What’s Going on: COVID hangover hangs over Pfizer
Pfizer Inc. is starting to roll out the pharmaceutical company’s biggest round of layoffs since 2009, and its Groton laboratories are not immune.
Of course, New York-based Pfizer these days never comes out and says how many layoffs will occur in Groton, so we are left to guess at the numbers. But in October Pfizer said financial cuts company-wide would amount to $3.5 billion by the end of next year, and in a follow-up third-quarter conference call officials made it sound like many of those reductions would be aimed at facilities involved in COVID-19 vaccine development and production.
“The COVID part is going to be the biggest part,” Albert Bourla, Pfizer’s chairman and chief executive officer, said in the Halloween conference call, in response to a question about where cuts will be targeted.
Of course, Pfizer’s Groton labs were directly involved in much of the company’s COVID vaccine development. At one point in March 2021, Groton site leader John Burkhardt told me that about 200 scientists were working on developing the initial Pfizer COVID vaccine out of about 2,600 direct employees there.
The labs were involved in molecular-level studies of the world’s first mRNA vaccine as well as the planning, designing and executing of drug trials and analysis of the results. Groton scientists also oversaw trials of vaccine booster shots against new variants, and local facilities helped produce lipids used in the delivery of vaccine doses.
Speculation is rampant that with Pfizer’s COVID remedies faltering, the Groton labs will be hit hard, perhaps in the range of the 200 layoffs already announced in Kalamazoo, Mich., and hopefully fewer than the 500 expected in Sandwich, England. One Pfizer site in Peapack, N.J., is being shuttered entirely, but no such drastic measure is expected in Groton, despite the company’s decision to close its New London research-and-development headquarters a few years ago and move it to Cambridge, Mass.
The most I could get out of the company was that the cuts were being done to increase efficiency, and that they would occur on a rolling basis, involving “some job loss across a number of our locations, including Groton.”
OK, there was a little more, but not really much of anything. Unlike in 2011, when Pfizer announced publicly a reduction of 1,100 employees in Groton, the company lately has been steadfastly refusing to share local layoff details.
Groton City Mayor Keith Hedrick said he found this lack of communication to be problematic.
“My concern is people tend to panic,” he said, meaning people assume the worst when they don’t know anything.
Some people are longing for the “glory days,” he said, when Pfizer was manufacturing penicillin locally.

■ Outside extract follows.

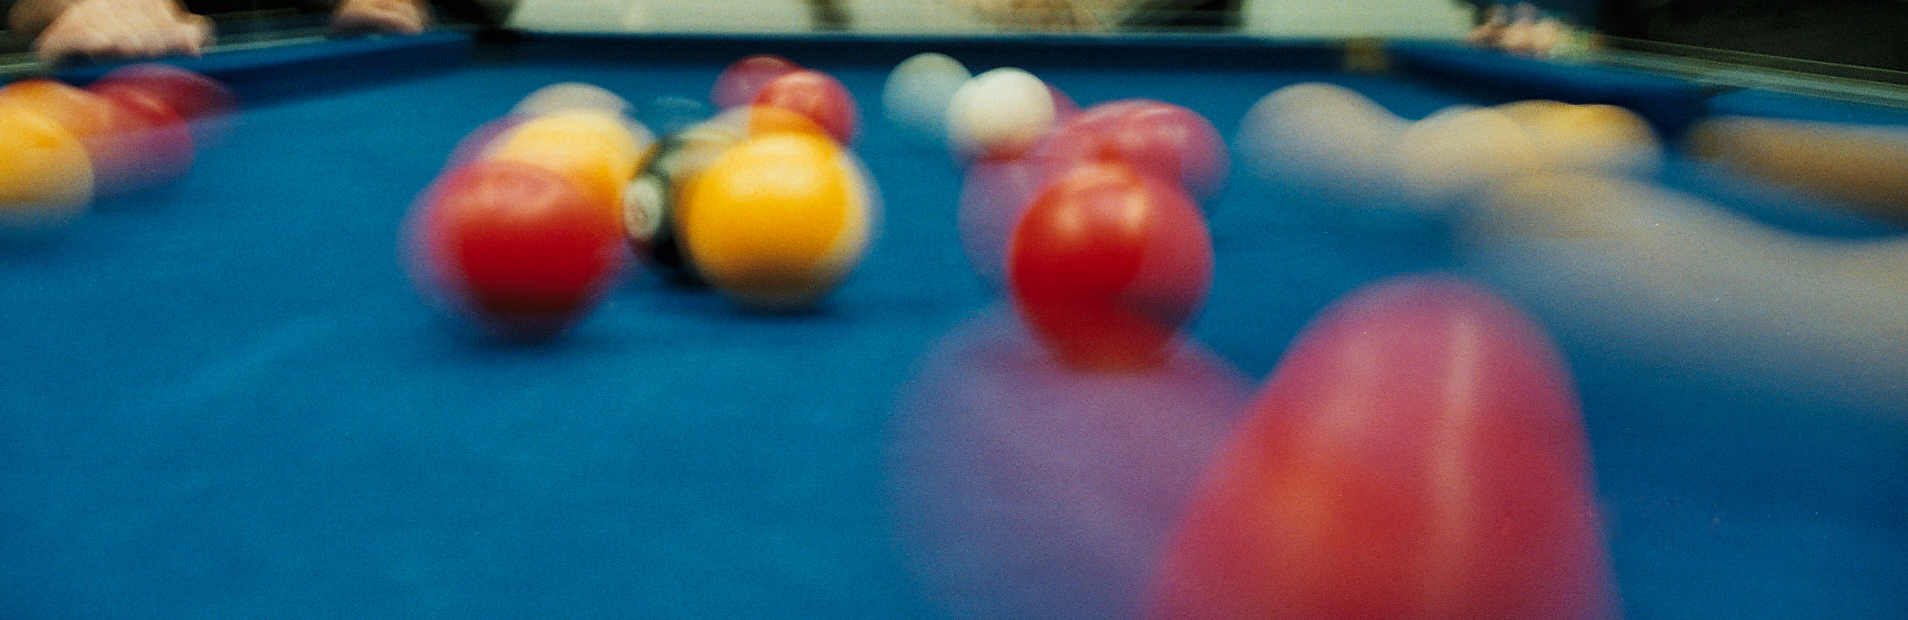 Buy Pool Table Cloth Uk

But he knows those days of stability and local focus are over, and “Pfizer is going to do what Pfizer is going to do.”
Still, he rightly believes that a multinational corporation like Pfizer shouldn’t feed into the rumor mill by keeping people in suspense. And I will add that Pfizer also shouldn’t try to lie, as officials did in a meeting with me and other Day journalists years ago after columnist David Collins speculated about the possible closure of the New London R&D headquarters, when they flatly denied a closure was imminent (a year or so later it came to pass).
Pfizer rightly holds an honored place in southeastern Connecticut’s business climate, and the men and women who contributed their talents to create the world’s first vaccine to fight COVID should be held in high esteem. In fact, I’m surprised a parade in their honor hasn’t already been contemplated.
But the city needs to plan ahead for the tax consequences in case these layoffs are accompanied by demolition of buildings, as occurred a decade ago when Pfizer decided to take down its massive former research headquarters known as Building 118. Real estate agents would no doubt like to know the impact as well, given that the last major round of Pfizer layoffs here led to a dramatic lowering of home prices.
With luck, and thanks to a bit more diversification in the local economy with the addition of the wind industry, a renaissance in New London and a boom at Electric Boat, the effect this time around likely will be minimal.
As Tony Sheridan, chief executive of the Chamber of Commerce of Eastern Connecticut, said, “Thank god for EB. ... On the whole, eastern Connecticut is doing great.”